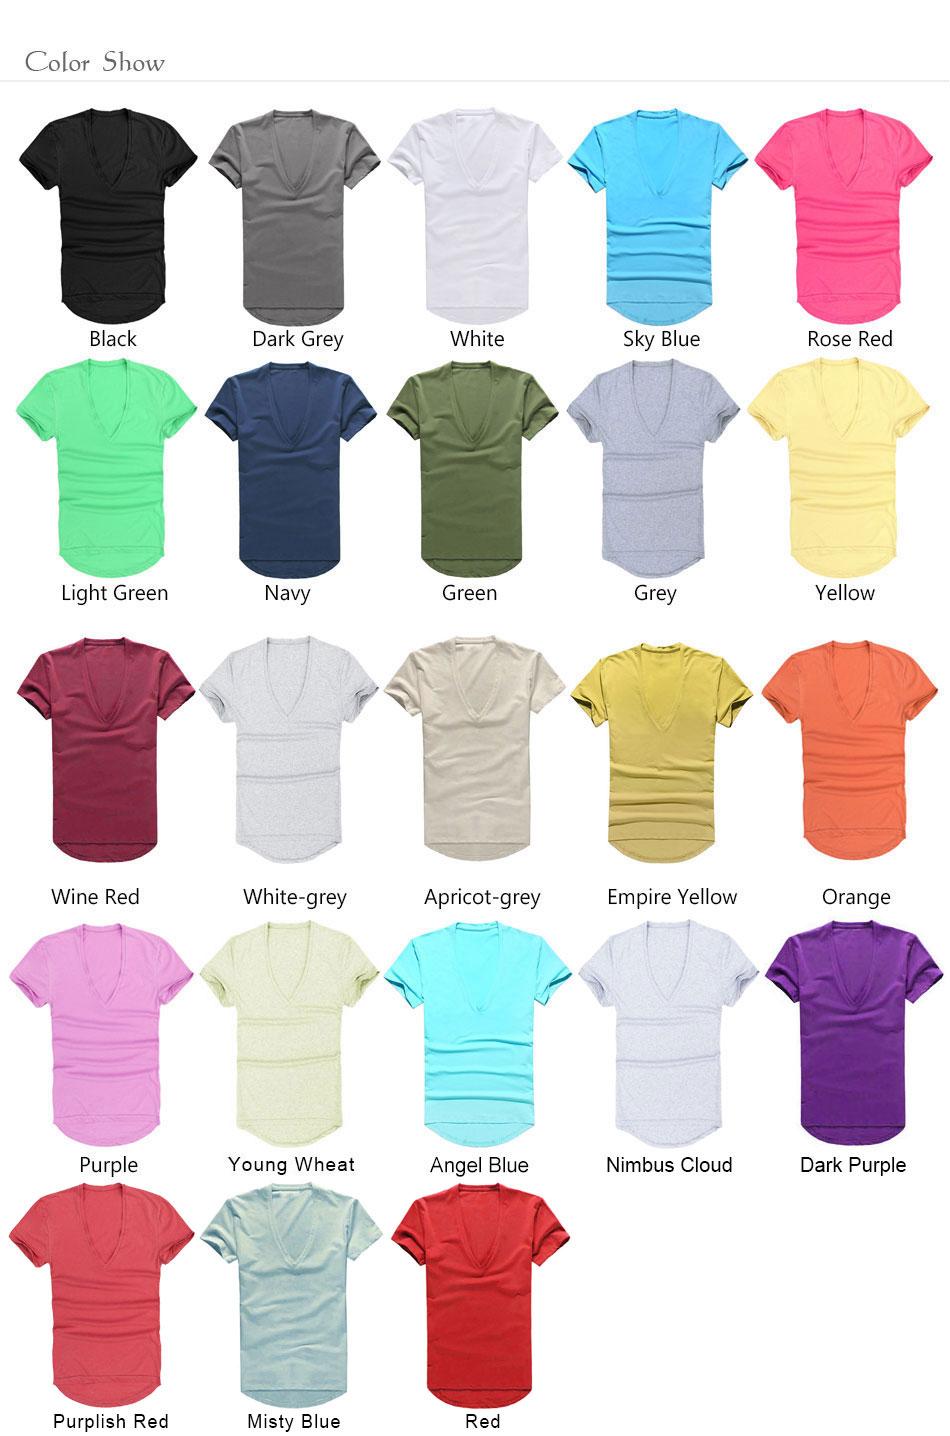 Zecmos Deep V Neck Sexy Men T-Shirt Vintage Short Sleeve Solid Color Muscle Fit T Shirt Men Top Tees Fashion 5
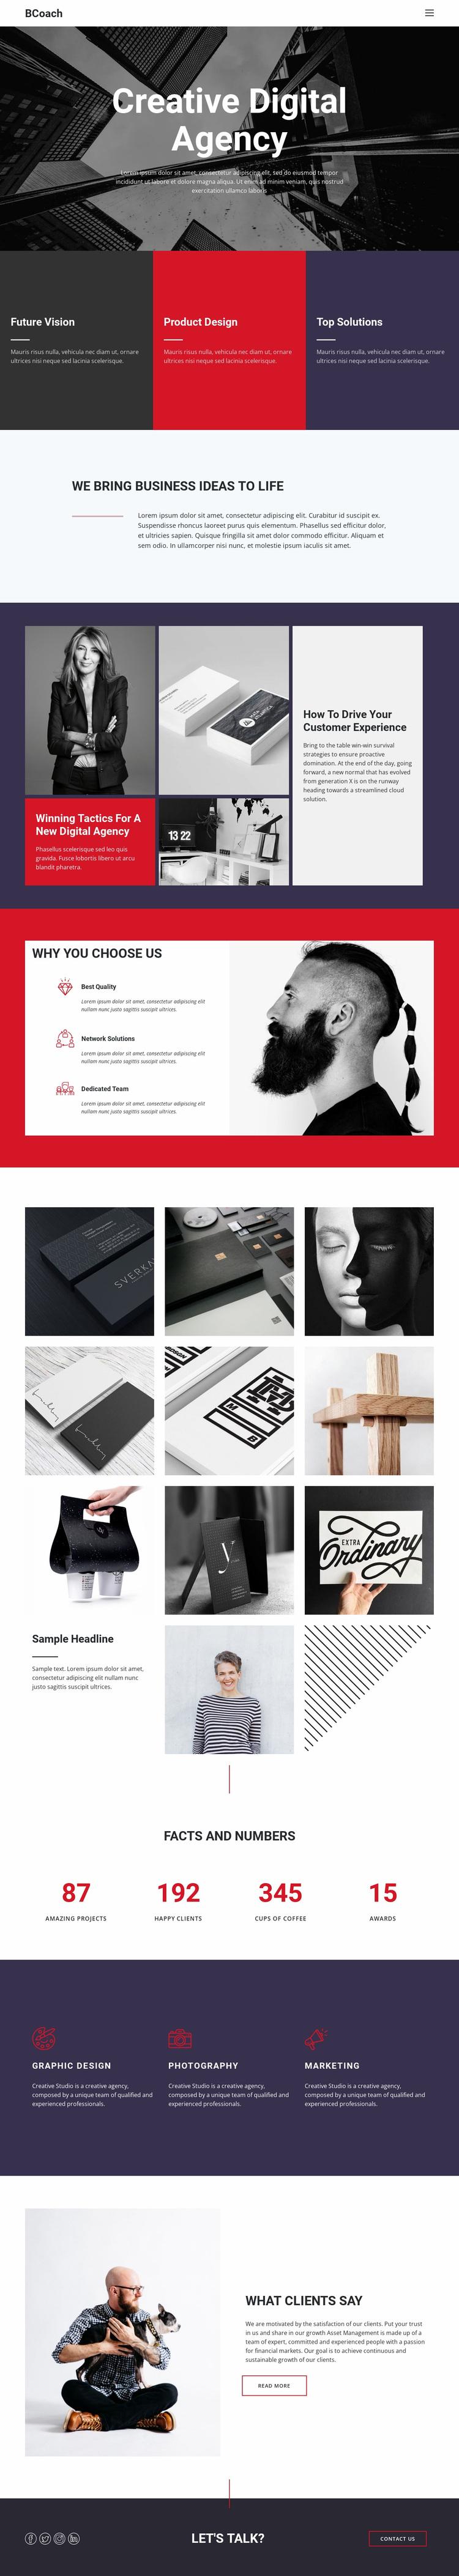 Digitize your products Website Design
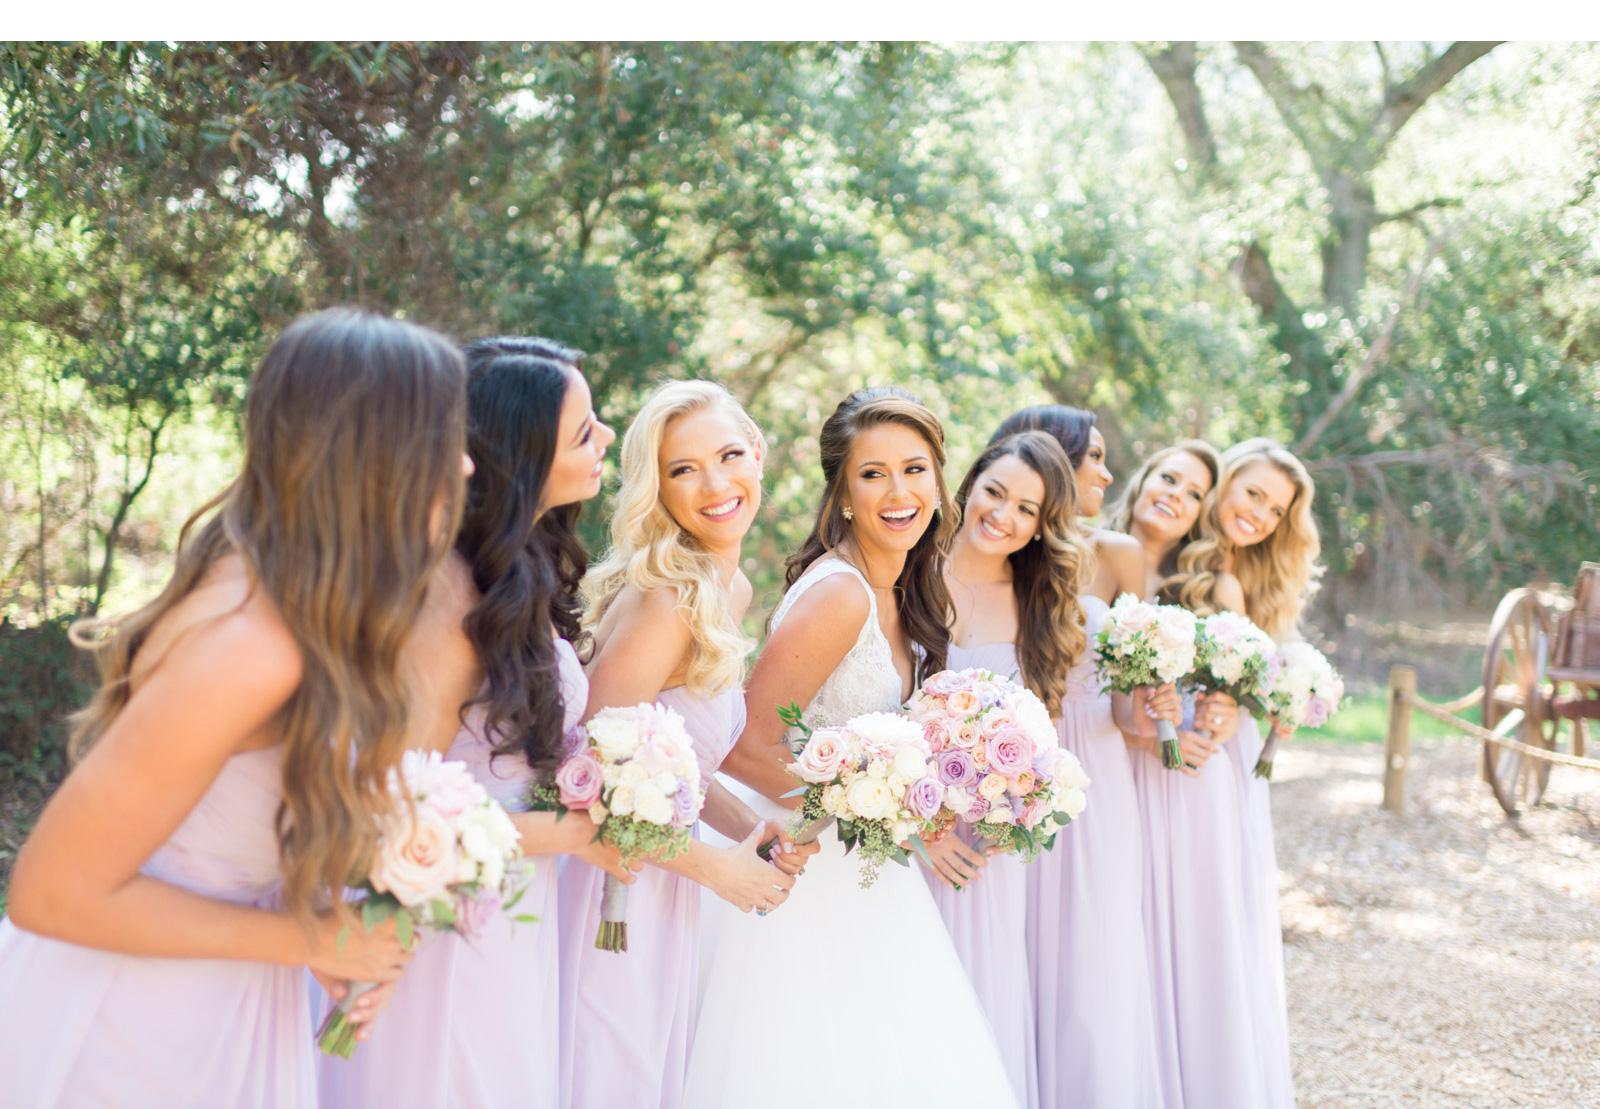 Miss-USA-Temecula-Wedding-Natalie-Schutt-Photography_07.jpg
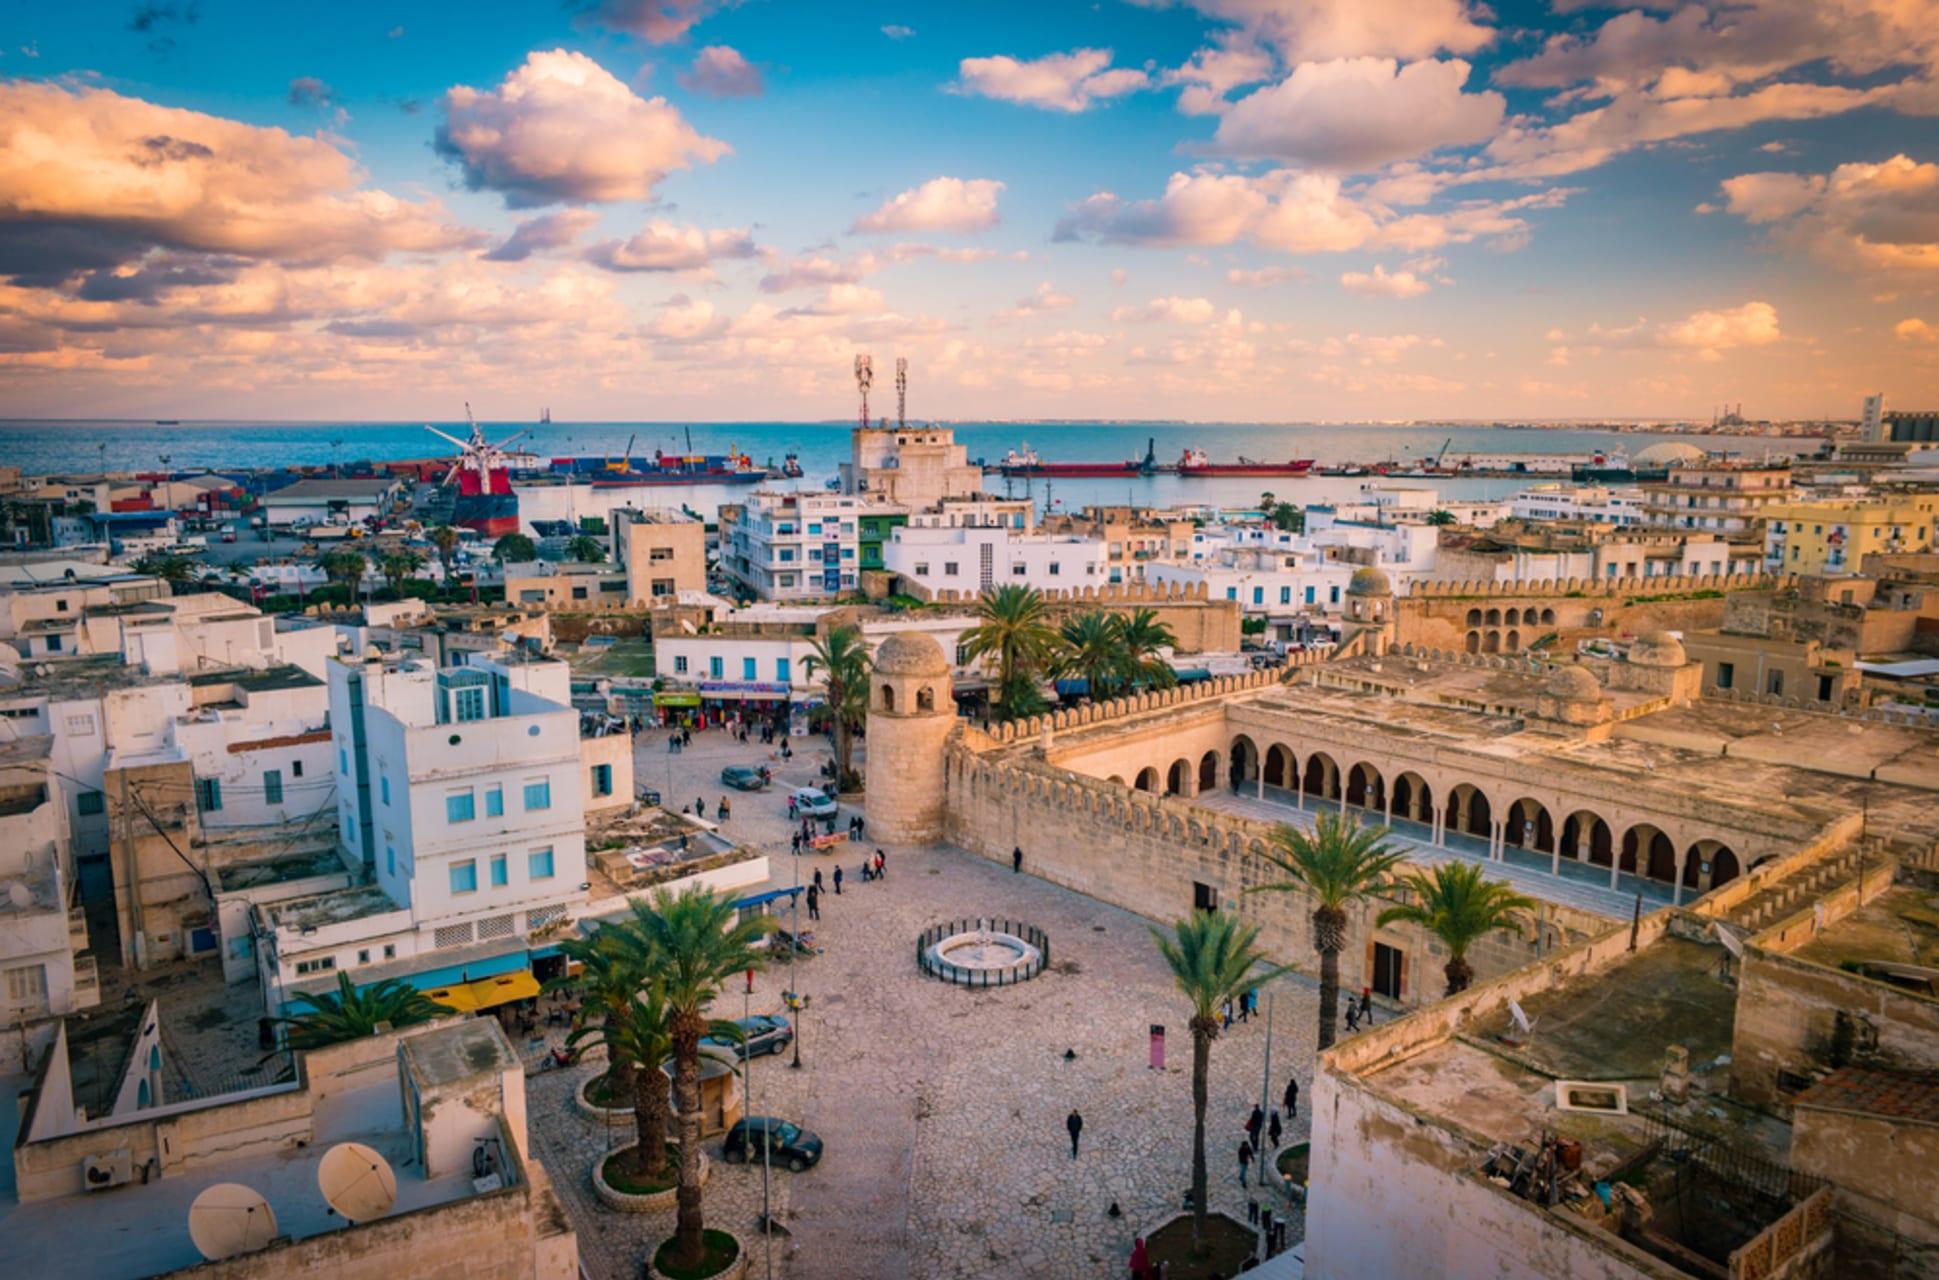 Sousse - The Medina of Sousse
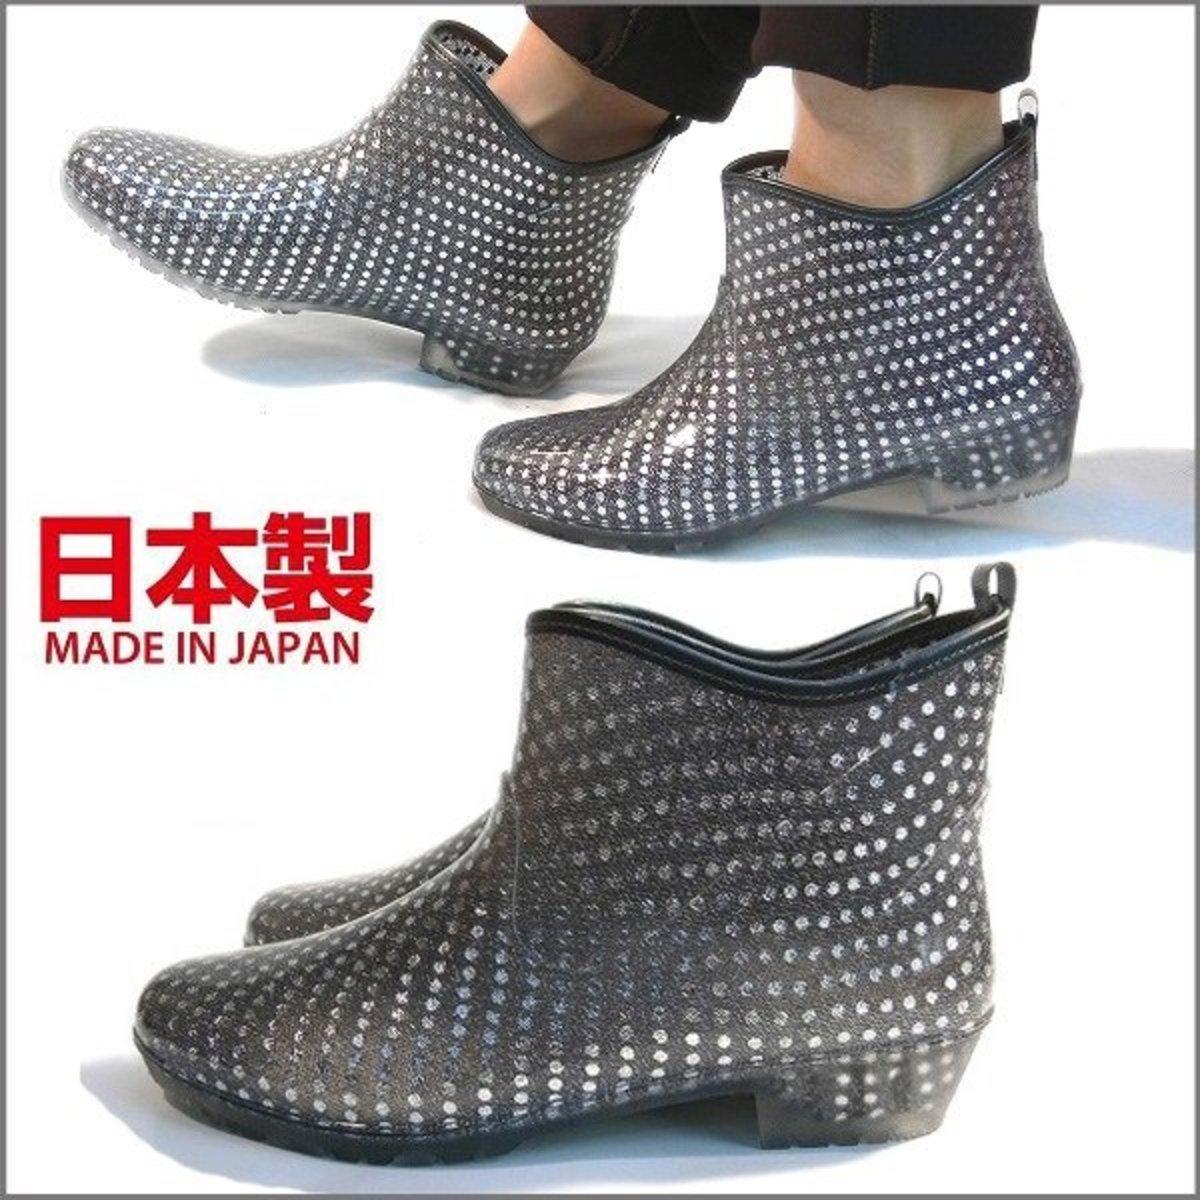 993569f600d8e Japan Made Short Rain Boots – Sequin Black (781)

====================

Restate the listing word for word and drop the pictures.

 Zecmos Deep V Neck Sexy Men T-Shirt Vintage Short Sleeve Solid Color Muscle Fit T Shirt Men Top Tees Fashion 5
 Digitize your products Website Design
 Miss-USA-Temecula-Wedding-Natalie-Schutt-Photography_07.jpg
 Sousse - The Medina of Sousse
 993569f600d8e Japan Made Short Rain Boots – Sequin Black (781)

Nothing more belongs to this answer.